Another Tool for Your Business

203(k) loans can help you close -- and save -- more deals

Many mortgage brokers are reluctant to originate 203(k) loans, if only because of the loan’s construction component. Some brokers hear the word “construction” and immediately think of architects, contractors, unions, construction delays and zoning violations — associations that may make 203(k) loans seem unappealing.

The truth, however, is this: 203(k) loans aren’t difficult. Simply put, they’re just another Federal Housing Administration (FHA) mortgage, only with an added construction component. Some brokers may believe that 203(k) loans are merely one type of construction loan, but in reality a broker doesn’t need experience originating construction loans in order to originate a 203(k).

Brokers who know how to qualify their clients for FHA mortgages can just as easily qualify their borrowers for 203(k) loans. The formula for processing a 203(k) is simple enough: Add the purchase price and the construction cost — i.e., a contractor’s estimate — and then add an additional 10 percent to 15 percent as a contingency reserve, just in case the contractor finds something not included in the initial estimate. After that, subtract 3.5 percent for the downpayment and add 1 percent for upfront mortgage insurance. That’s all it takes to qualify your borrower.

The only additional component that’s needed is a U.S. Housing and Urban Development (HUD) consultant. Even this, however, is easy to arrange; you can find HUD consultants through the organization’s website (sctsm.in/HUDconsultant). This consultant will help to verify the contractor’s estimates and verify what exactly the contractor will do during the construction process. By this point in the 203(k) process, however, the deal’s broker will have already received payment.

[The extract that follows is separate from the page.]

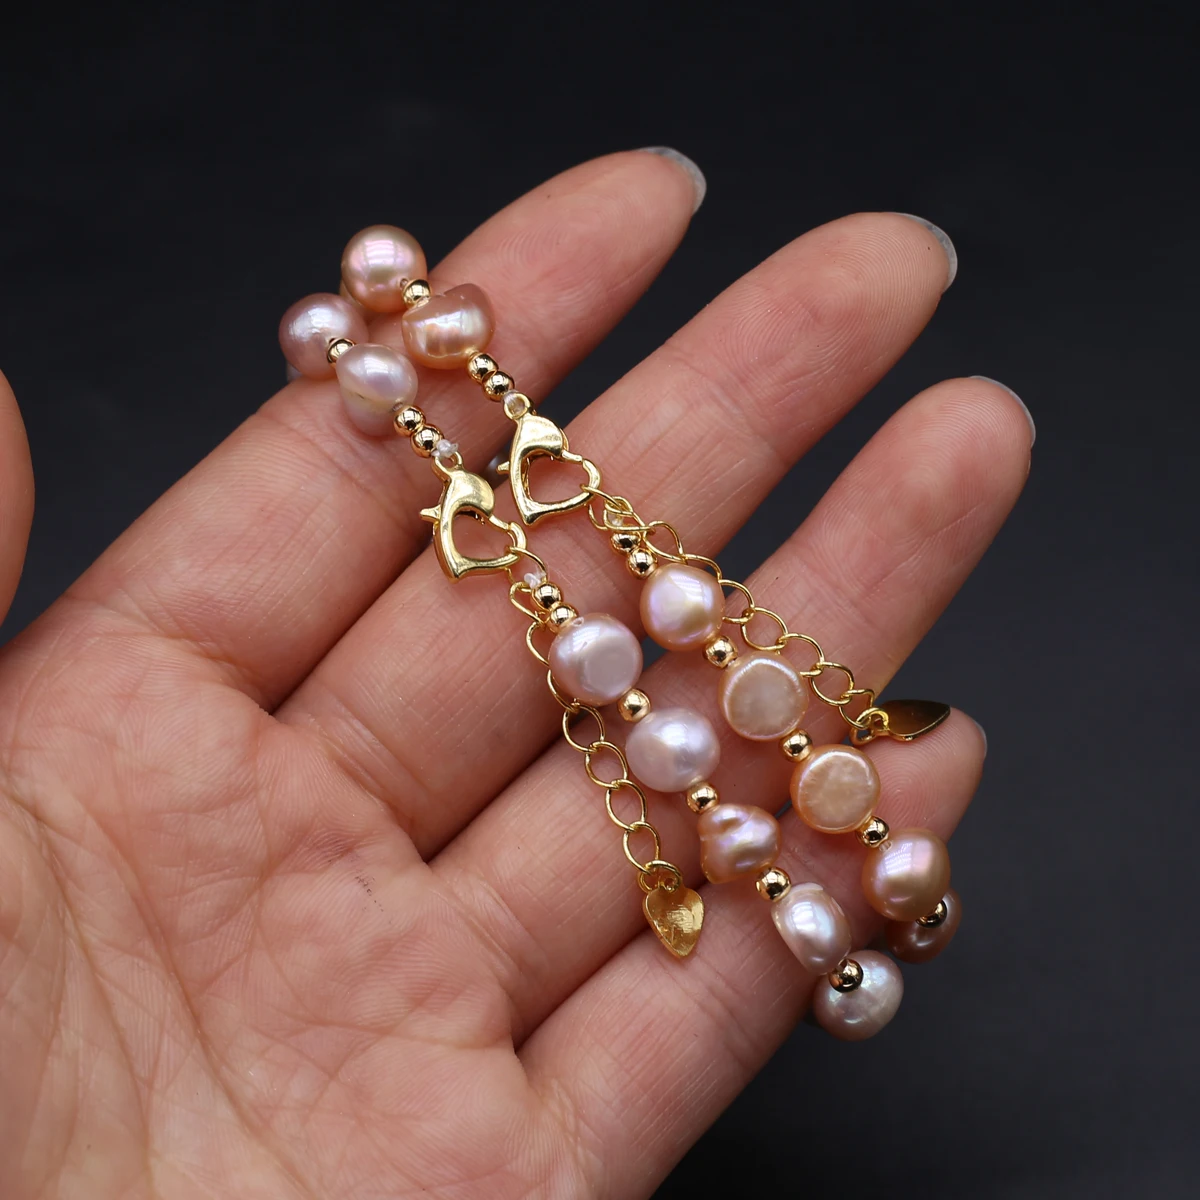 

100% Natural Freshwater Pearl Bracelets Orange Purple Pearl Bracelet for Women Cuff Bangles Wrap Beads Bracelet Jewelry 8-9mm

Almost all the work on a 203(k) is done upfront. Once the contractor and HUD consultant are in agreement, the construction aspect of the deal is nearly done. After that, the deal is more or less another FHA loan. Brokers don’t even have to worry about the period following the construction, as a 203(k) loan closes just like any other.

Of course, 203(k) loans are primarily for rehabilitating properties, but they’re by no means solely for that purpose. Suppose, for instance, that one of your Realtor partners has a seller who is not willing to repair the home’s deteriorated roof. Your buyer would have to purchase the property with that unrepaired roof — and, in many cases, that client would have to get financing for the repairs, as well. A 203(k) loan can help provide this kind of deal from slipping away.

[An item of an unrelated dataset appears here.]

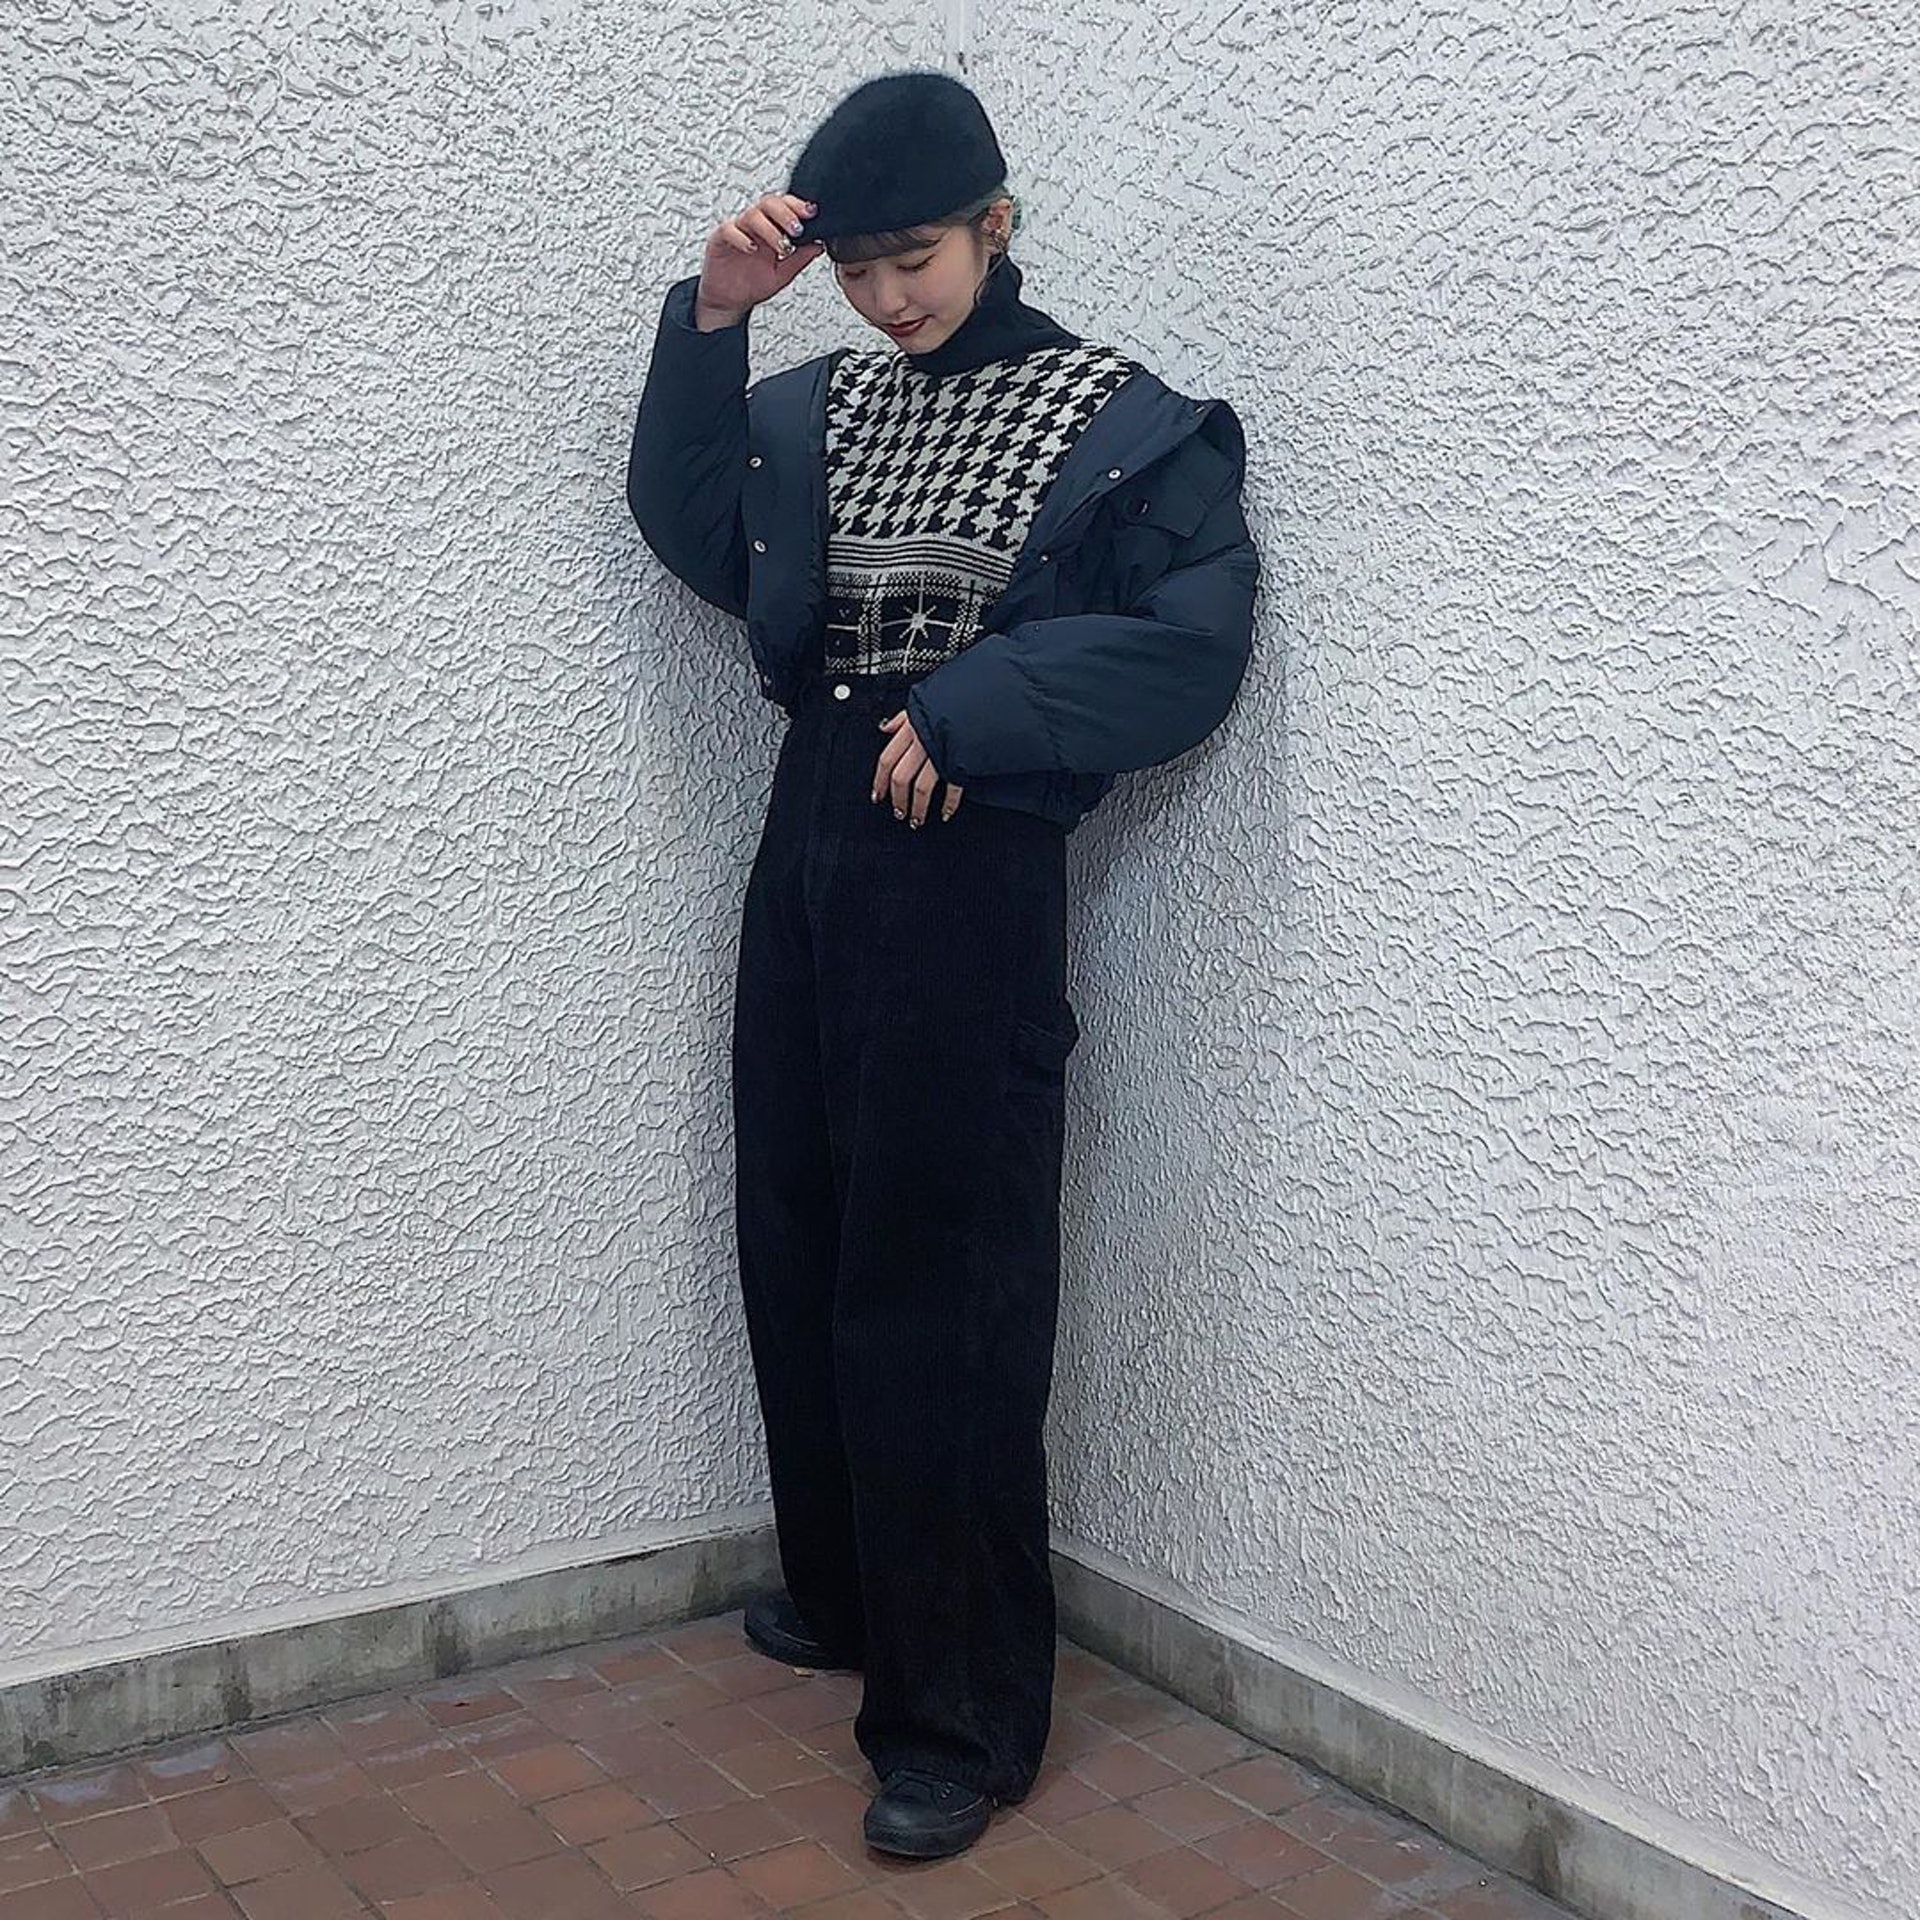 日本女生Chaki喜歡與人分享她的穿搭造型，更會教授重覆搭配的技巧。(__nmsk13@Instagram)

Consider how many deals you might have lost because of stubborn sellers or because a property couldn’t pass its inspection. With a 203(k) loan, many of those deals could have been brought back to life. Brokers who aren’t already utilizing this loan program should certainly consider adding it to their business. With so many other programs disappearing in recent years, the 203(k) program is more important than ever.